DIŞ GÜÇLER MASALININ ÇIKIŞI!
Çalıştayda "Madenciliğin söylemleri başlıklı" bir
sunum yapan gazetemiz İzmir Temsilcisi Özer Akdemir ise ülkede gelişen her
ekoloji mücadelesine yönetilen "bu karşı çıkışların ardından ülkenin
kalkınmasını istemeyen dış güçler var" söyleminin kökenlerini aktardı. Bu "psikolojik
savaş" tekniğinin" ilk kez uygulandığı Bergama Köylü hareketinin bu
yöntemle sönümlendirildiğini belirten Akdemir, "Bu oyunda çok önemli bir
işlevi olan Necip Hablemitoğlu'nun yazdığı kitap sahte belgeler, bilgiler ve
sayısal verilerle kurgulanmıştır. Bugün hala bu kitabın ve dış güçler yalanının
yaşam alanlarını savunanlara karşı kullanılması kullananlar için ne kadar utanç
verici bir durum olsa da bu aynı zamanda ekoloji mücadelesinin bu yalanı
deşifre etmekteki yetersizliğini ortaya koymaktadır" dedi.
"SİLİKOZİS HASTALARI ÖLDÜKLERİNDE BİLE..."
Öğleden sonraki ikinci oturumda Prof. Dr. Kayıhan Pala,
madenciliğin sağlığa etkilerini anlattı. Sözlerine "Madenleri ve enerjiyi
kapitalizmin sınırları içerisinde tartışamayız" diye başlayan Pala,
"Dünyada her yıl dokuz milyon insan çevresel kirlilik nedeniyle hayatını
kaybediyor. Türkiye ye maliyeti ölümlerin yüzde 12 sinden daha fazlası çevresel
kirlilikle ilişkili. Bir yılda yalnızca hava kirliliği nedeniyle erken ölen
insan sayısı 52.000! Kâr hırsı bu kadar insanı öldürürken kömürü çıkaralım mı
çıkarmayalı mı diye tartışamayız. Ülkemizde meslek hastalıkları konusunda
hiçbir bilimsel veri yok. Her yıl kırk binden fazla insanın istatistik verilere
girmesi gerekir. Oysa bu istatistiğe giren sayı 500. silikozis hastaları hayatlarında
kaybettiklerinde dahi silikozis hastası olarak verilerde yer alamıyorlar"
dedi.
"MADENCİLERDEN İKLİM KRİZİ SÖZÜNÜ DUYAMADIK DAHA"

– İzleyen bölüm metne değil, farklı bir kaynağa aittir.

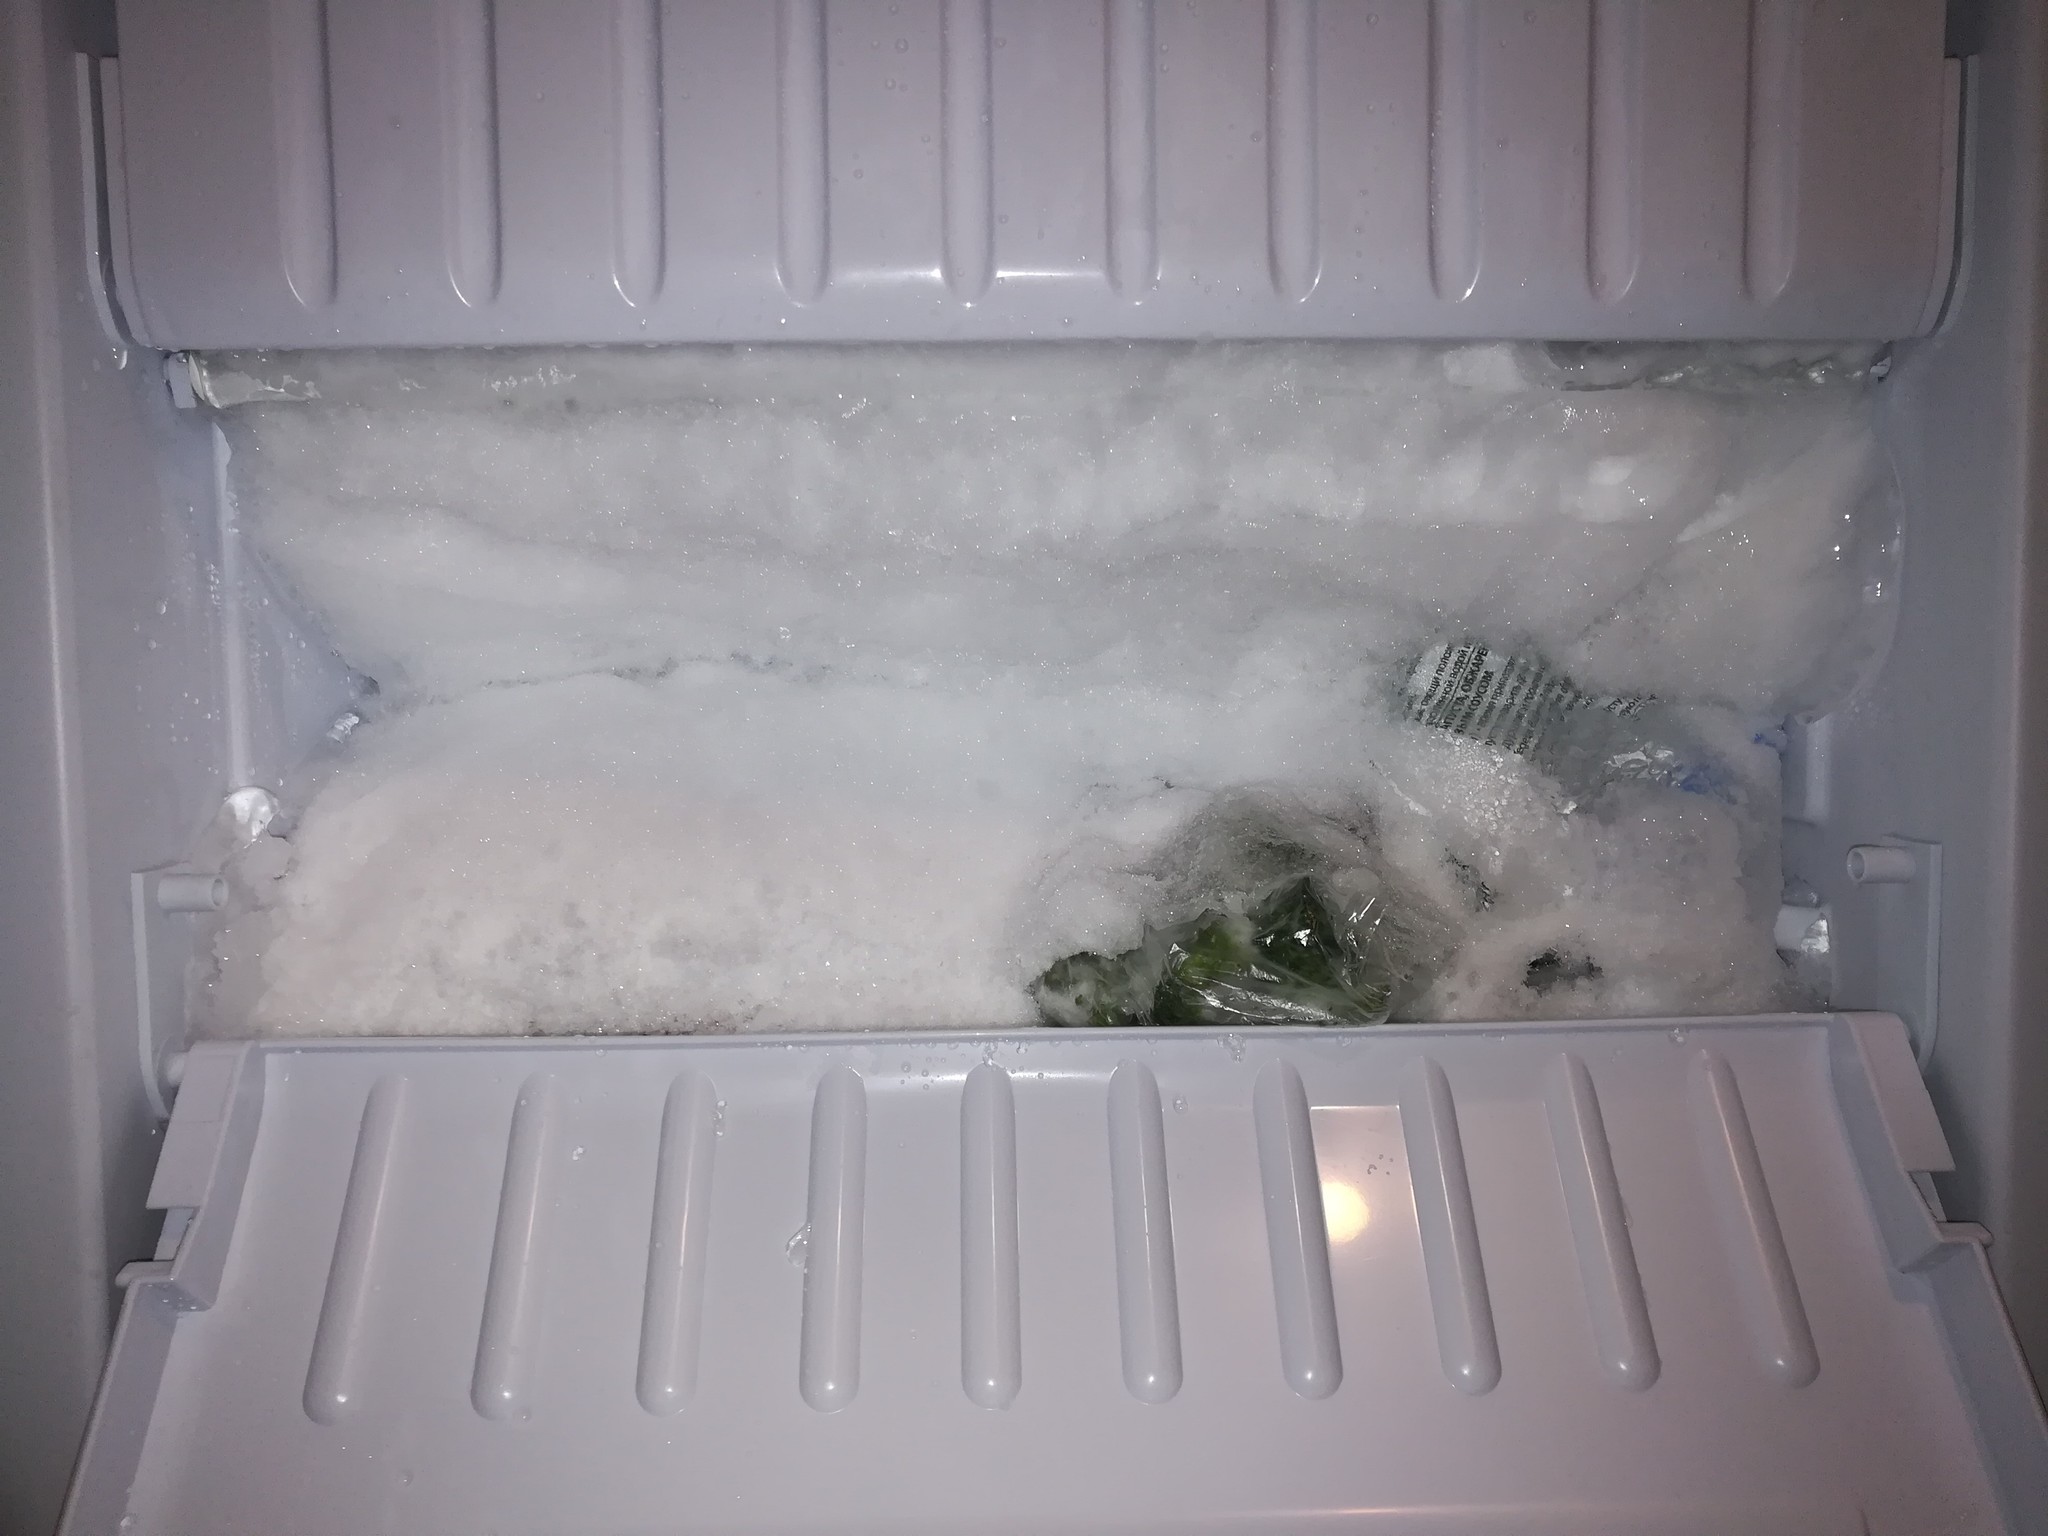 Лед в морозилке

Prof. Dr. Doğanay Tolunay madenciliğin iklim krizine
etkileri başlıklı sunumunda madenciliğin her aşamasında yoğun sera gazı
salımlarına neden olduğunu ifade etti. Tolunay, "526 milyon ton sera gazı
salımı yapıyoruz ülke olarak atmosfere. Madencilik sektörü burada ilk onuncu
sırada. Oysa daha madencilerden henüz iklim krizi diye bir şey duymadık"
dedi.
Reklam
MADENCİLER: HÜKÜMETLE YENİ MADEN YASASI HAZIRLIYORUZ!

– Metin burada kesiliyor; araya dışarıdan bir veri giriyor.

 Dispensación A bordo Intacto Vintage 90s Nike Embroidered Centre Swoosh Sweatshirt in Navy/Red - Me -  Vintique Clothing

Çalıştayda konuşan madencilik sektörü temsilcileri ise orman
bedellerinin fazlalığı, izin aşamalarının uzunluğu, yeteri kadar teşvik
edilmemesi gibi bir dizi yakınmalarda bulunduktan sonra AKP ile yeni bir Maden
Yasası çalışmasını birlikte yürüttüklerini söylediler. Maden sektörü
temsilcilerinin sözleri salonda bulunan köylüler ve yurttaşlar tarafından tepki
ile karşılandı.
Çalıştayda söz alan yöre köylüleri termik santraller ve
maden ocakları nedeniyle yaşamlarının, tarım arazilerinin, sularının ellerinden
alındığını, arkeolojik eserlerin yok edildiğini anlattılar.

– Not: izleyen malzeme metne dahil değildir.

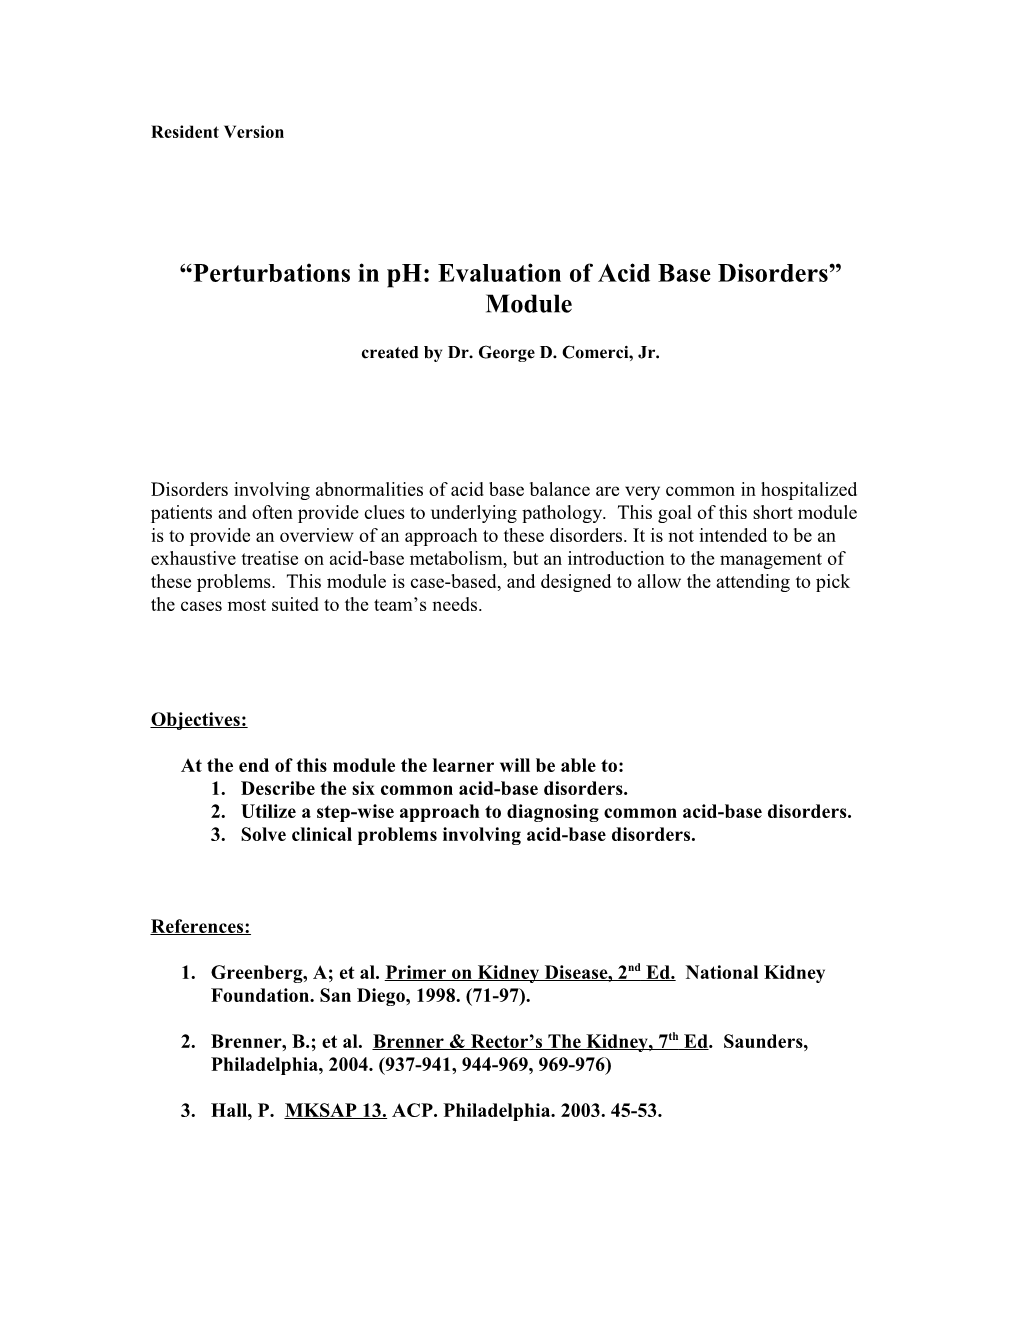 Module: Perturbations in Ph: Evaluation of Acid Base Disorders

“SESSİZ ÇIĞILIĞIMIZI DUYUN!”
Yatağan İkizköy'den gelen bir kadın şunları söyledi:
"Köyümüz kaderine terk edilmiş durumda. Sondajlar vurulduğundan bu yana
sularımız kalmadı. Her gün iki kere patlatılan dinamitlerle depremi de
yaşıyoruz. Bacalardan çıkan dumanı pisliği anlatamam. Çocuğum nefes alamıyorum
diyor. Ormanlarımızı elimizden alınmaya çalışılıyor. Zeytincilikle geçiniyorduk
şu an bir tane bile zeytinimiz kalmadı. Verdiğimiz psikolojik savaşı anlatamam.
Eşim 2 yıldır ilaç kullanıyor, insan içine çıkamıyor. Doğayı katletmesinler
artık. Ankara'ya kadar gittik ama sesimiz duyulmuyor. Sessiz çığlığımız var.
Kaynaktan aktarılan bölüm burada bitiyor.